Exercise objective | Skip the pictures and repeat each line of the data exactly.

Material provided |
○ ○ ○ ○ ○ ○ ○

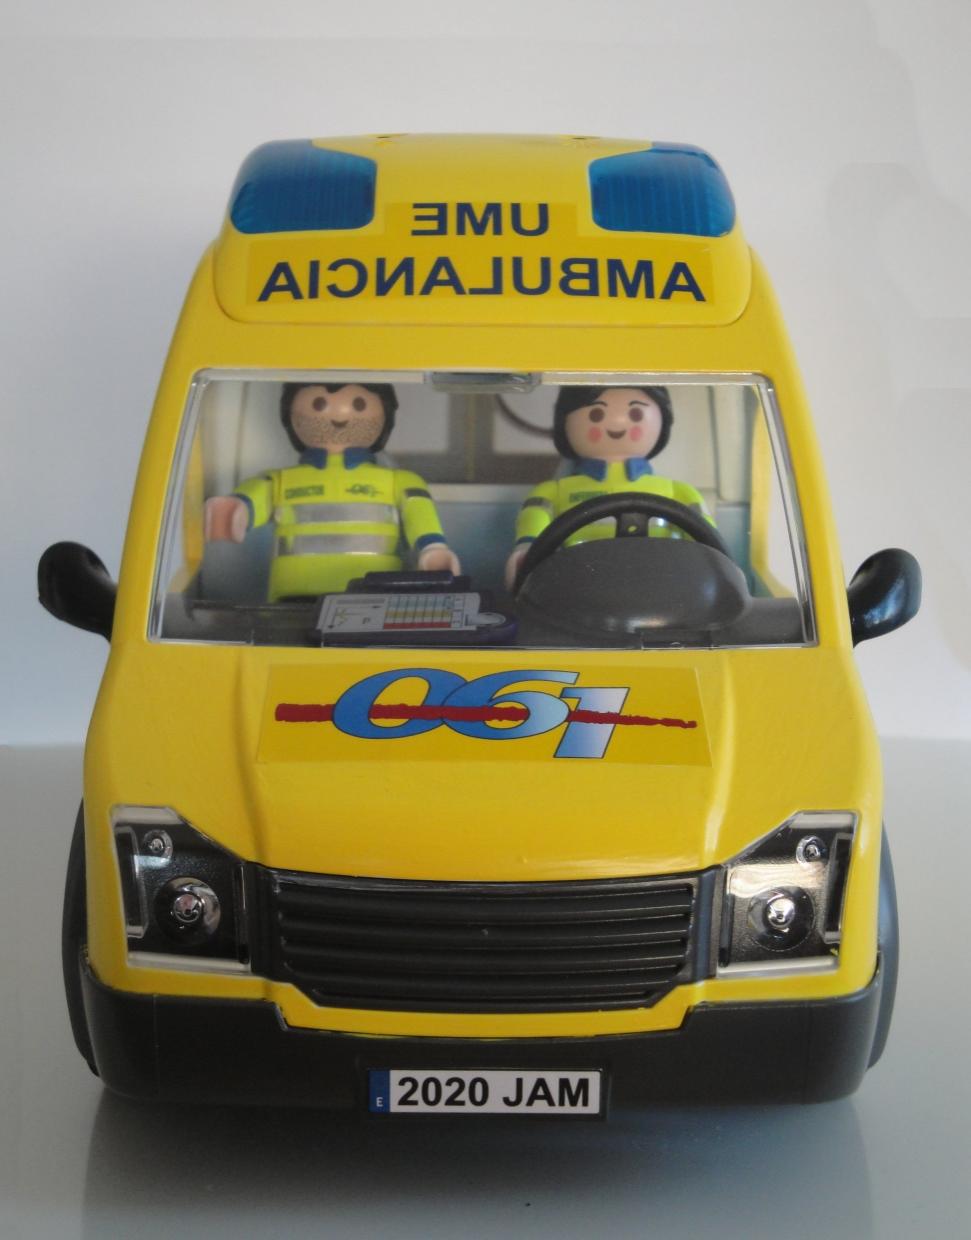 Ambulancia Playmobil personalizada con los distintivos del Servicio Murciano de Salud SMS
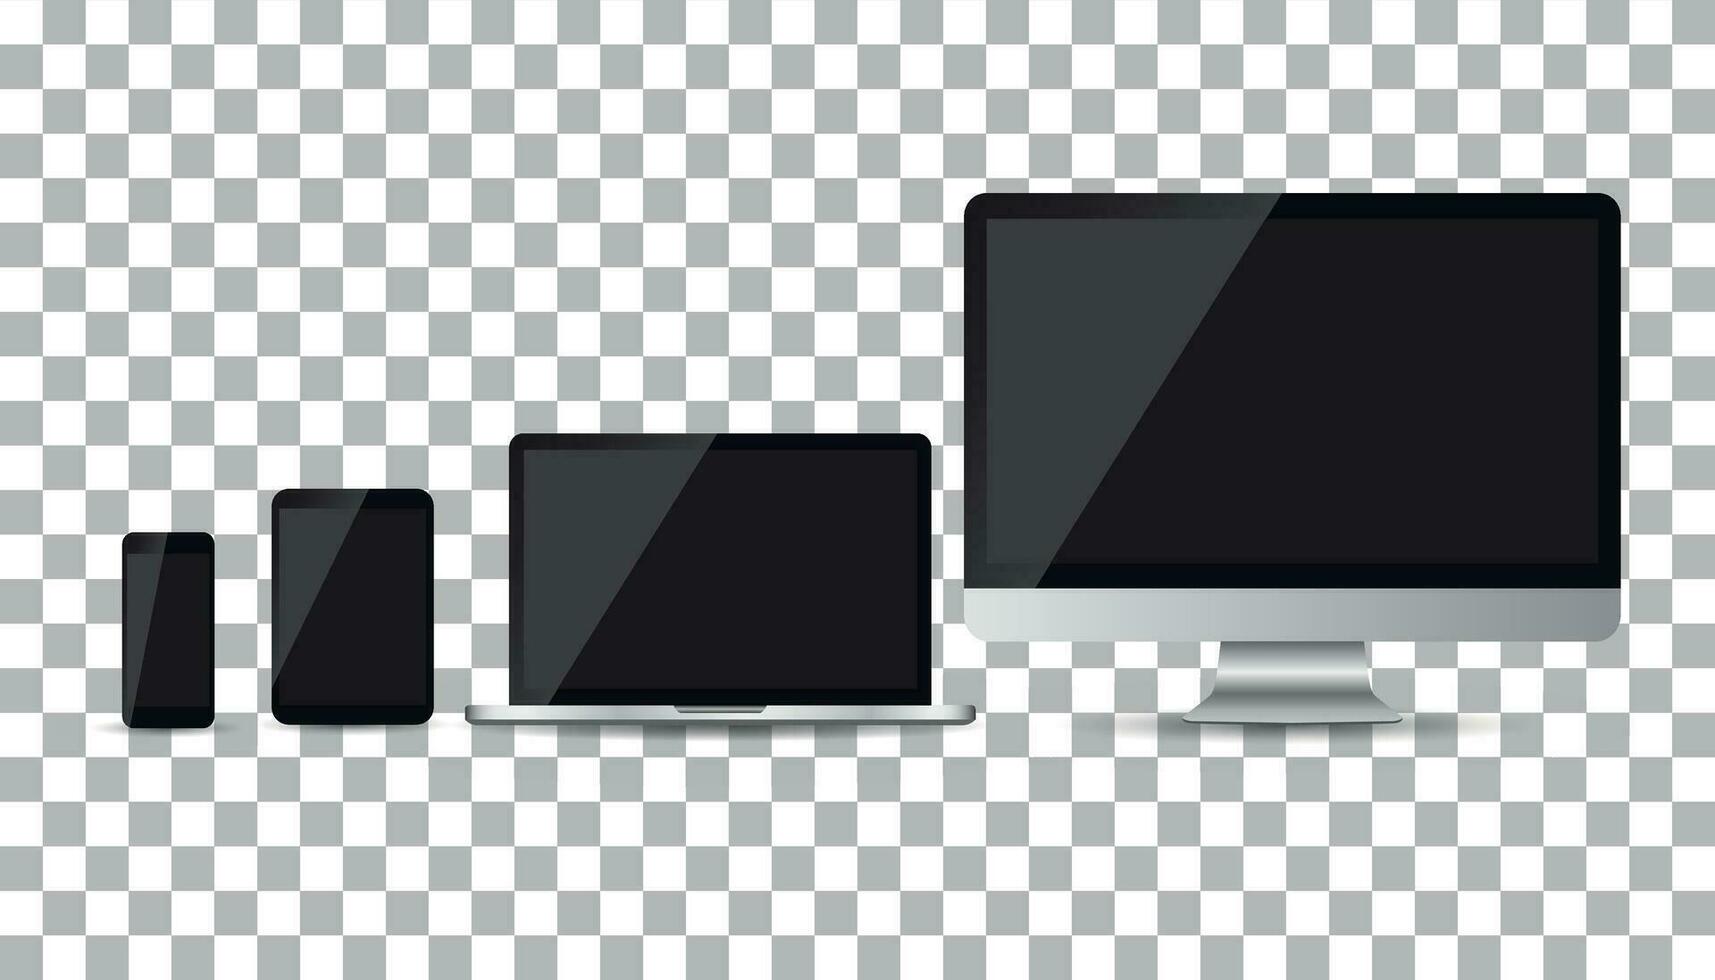 realista dispositivo plano ícones Smartphone, tábua, computador portátil e Área de Trabalho computador. vetor ilustração
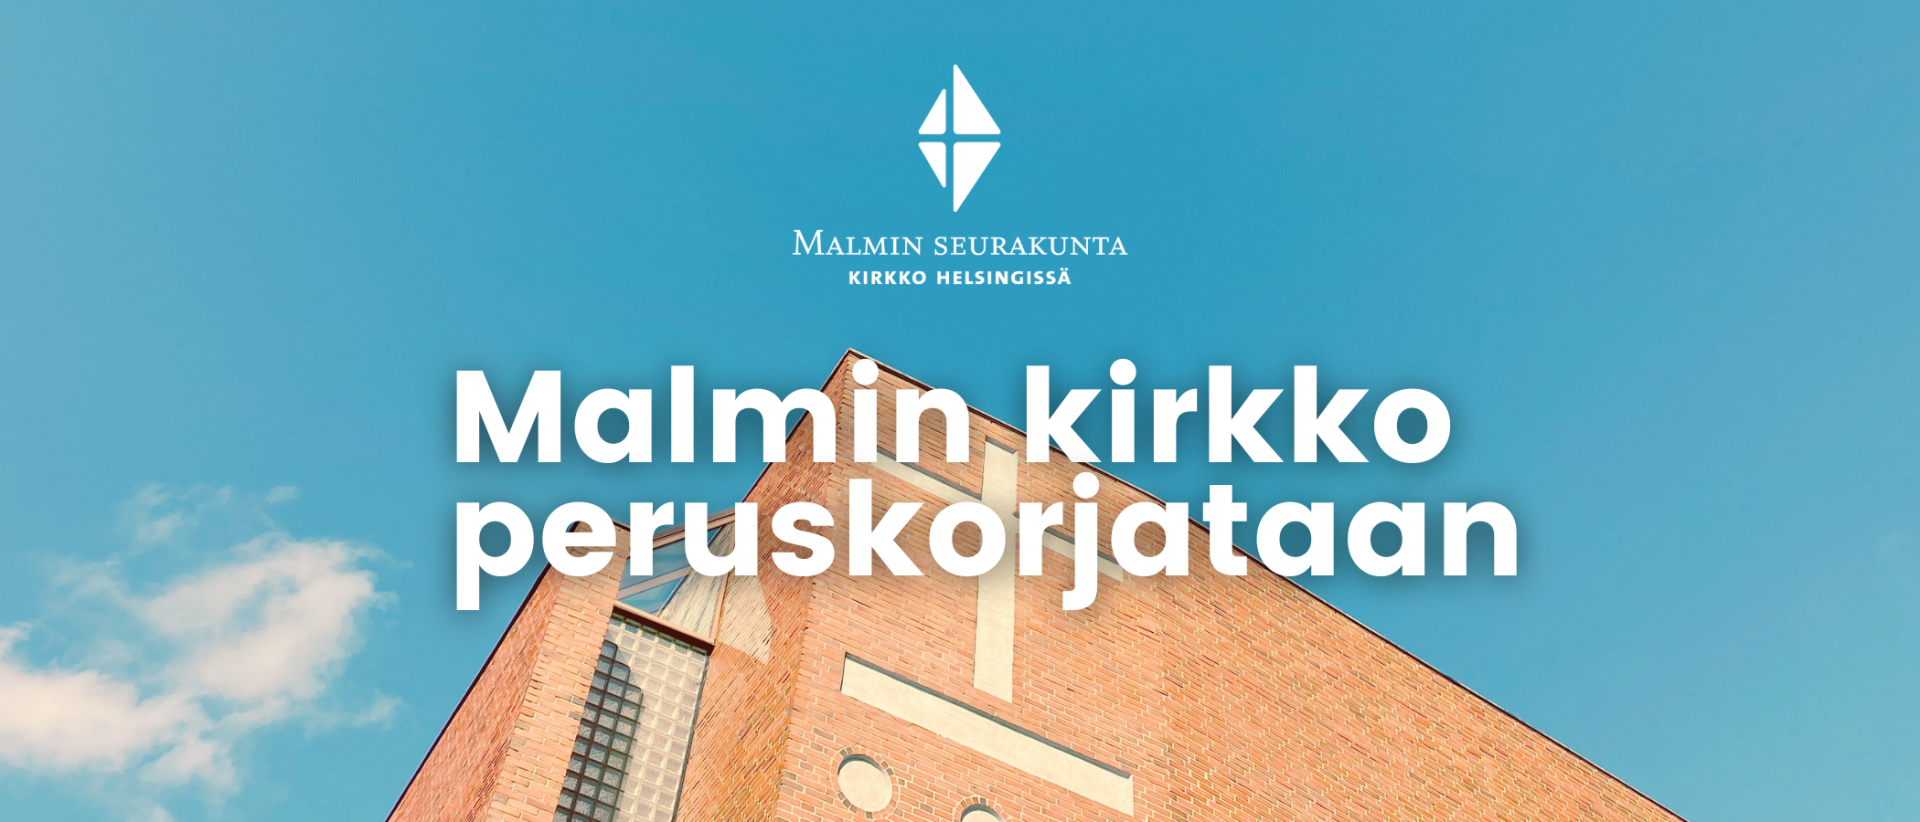 Malmin kirkko kuvattuna sinistä taivasta vasten, teksti: Malmin kirkko peruskorjataan.
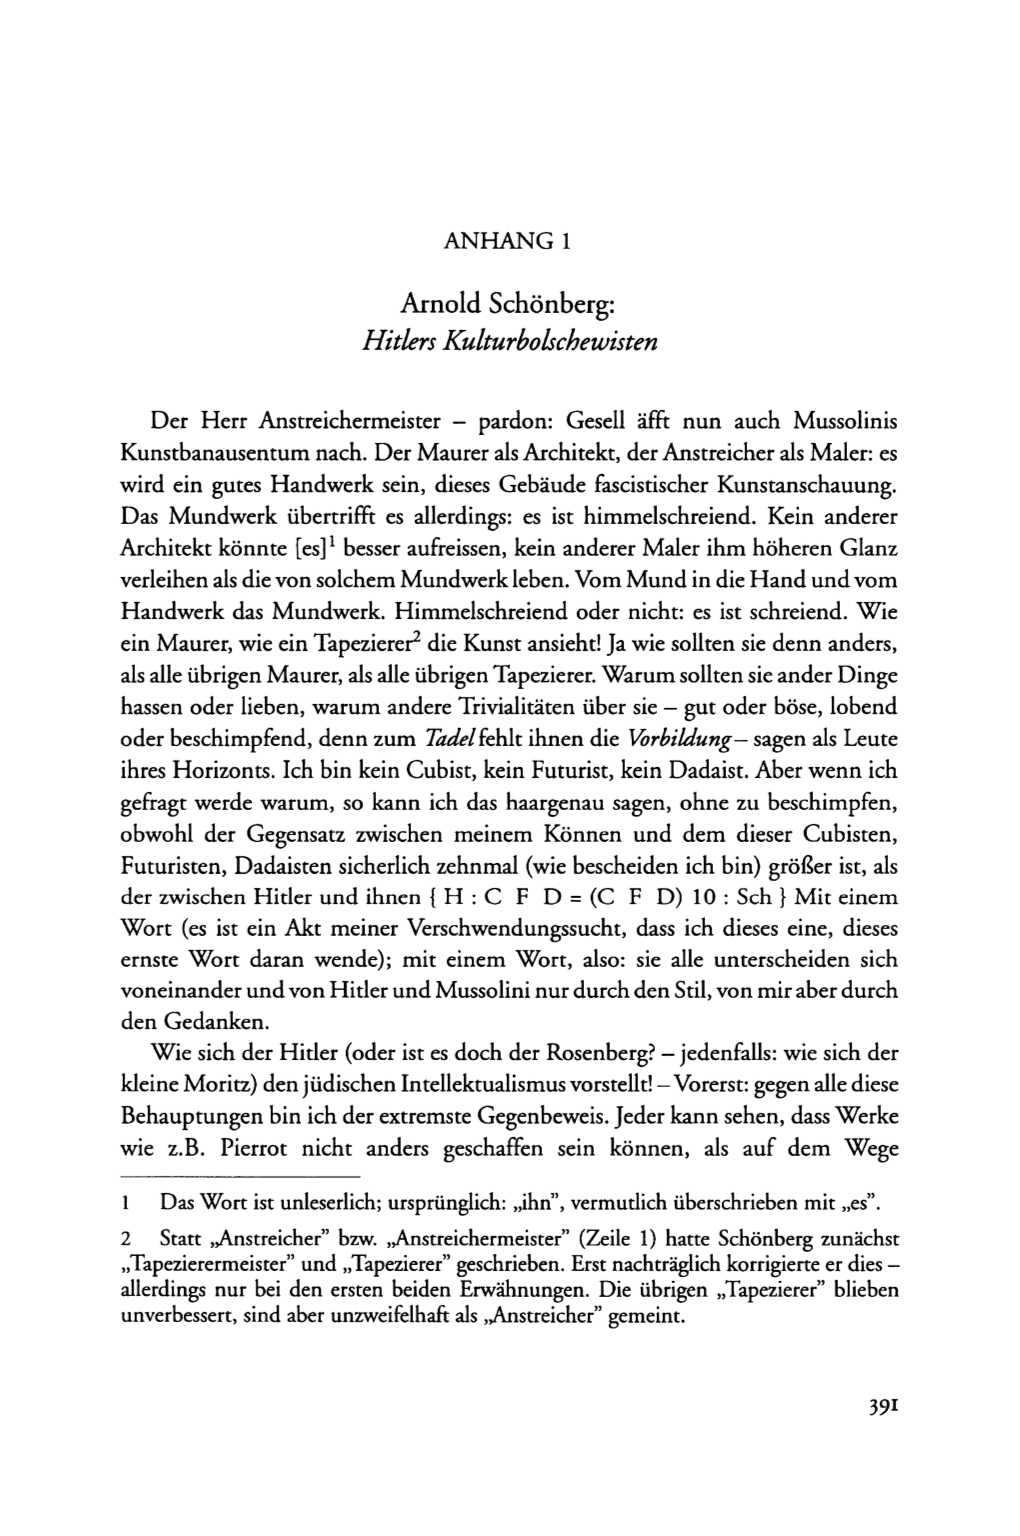 Arnold Schönberg: Hitlers Kulturbolschewisten

○ ○ ○ ○ ○ ○ ○

Result |
 Ambulancia Playmobil personalizada con los distintivos del Servicio Murciano de Salud SMS
 realista dispositivo plano ícones Smartphone, tábua, computador portátil e Área de Trabalho computador. vetor ilustração
 Malmin kirkko kuvattuna sinistä taivasta vasten, teksti: Malmin kirkko peruskorjataan.
 Arnold Schönberg: Hitlers Kulturbolschewisten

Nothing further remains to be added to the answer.